I would also argue that delaying Mortal Kombat 11 would allow developers to make a higher quality experience.  I am not denying the joy one receives from watching Scorpion rip Sub-Zero in half in Mortal Kombat 11, but I think with more time and less pressure some features could have been better fleshed out.  For example, if the developers at NetherRealm didn’t feel like they had a gun to their head, they might have been able to take the time to properly playtest the Krypt and see how unruly it felt.  Maybe they could see how having four different types of currencies makes the game feel like it belongs on the Apple store.  Maybe they could see Mortal Kombat 11 is not fun when it is a grind.  At the end of the day, it hard to make decisions that benefit your game and its players when you working from 10 am until midnight for years on end.  

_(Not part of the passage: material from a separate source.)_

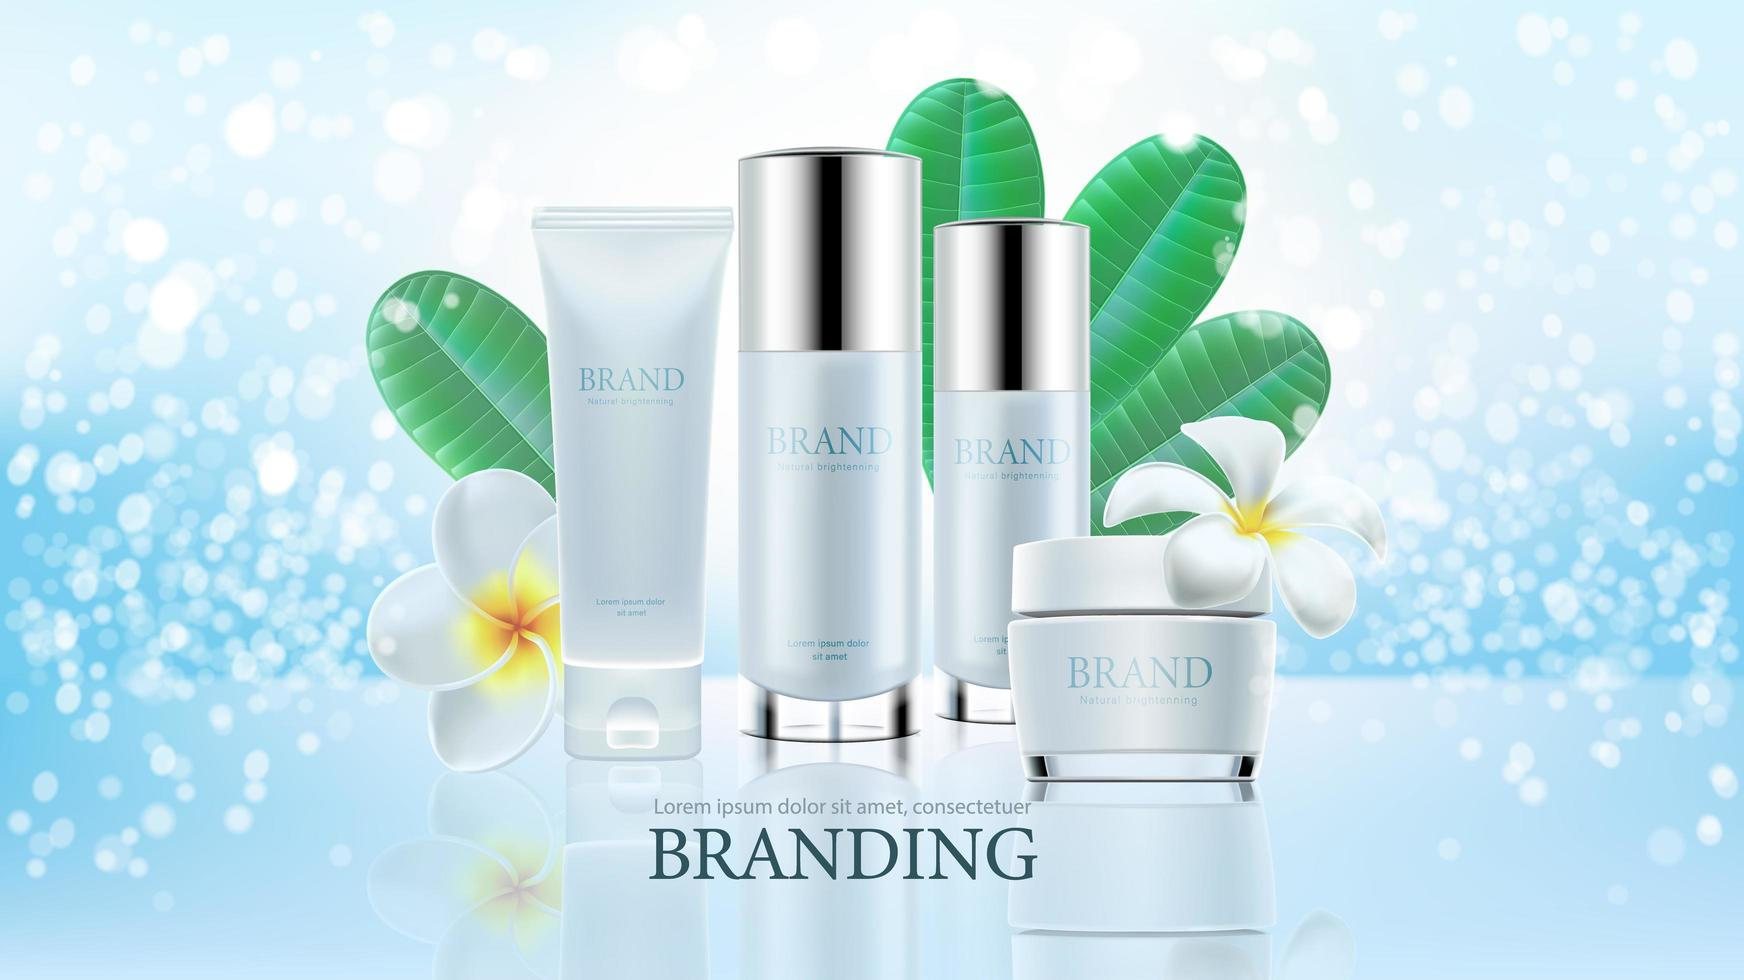 Anuncios de productos cosméticos sobre fondo azul claro vector

That’s the tricky part.  If there are no mobile-style microtransactions and the game isn’t rushed out to meet quarterly requirements, how will the shareholders be happy?  At the end of the day, games aren’t made for our enjoyment or an expression of the developer’s creativity.  They are made to make the rich richer.  This is why more games have adopted mobile-style currencies.  This is why crunch is an epidemic not only among Telltale Games, Bioware, Epic Games, and of course NetherRealm Studio.  It doesn’t benefit the customers nor the developers, only the dragons at the top.  These dragons at the top have succeeded in wrapping games into virtual slave pits not just for us the players, but the worker who just wanted to do something creative with the media. 

I CALL FOR NOT ONLY PLAYERS, BUT DEVELOPERS TO CAST ASIDE THEIR VIRTUAL SHACKLES AND RAISE UP AGAINST GRIND.  Games like Mortal Kombat 11 are not welcomed.  Bosses who leave before their employees are not welcomed.  Publishers who have wormed microtransactions similar to mobile games into AAA titles are not welcomed.  The Dragons of Warner Brothers Interactive are not welcomed. If we do not remove these bad actors from the media we love, then all I can say is the end is nigh.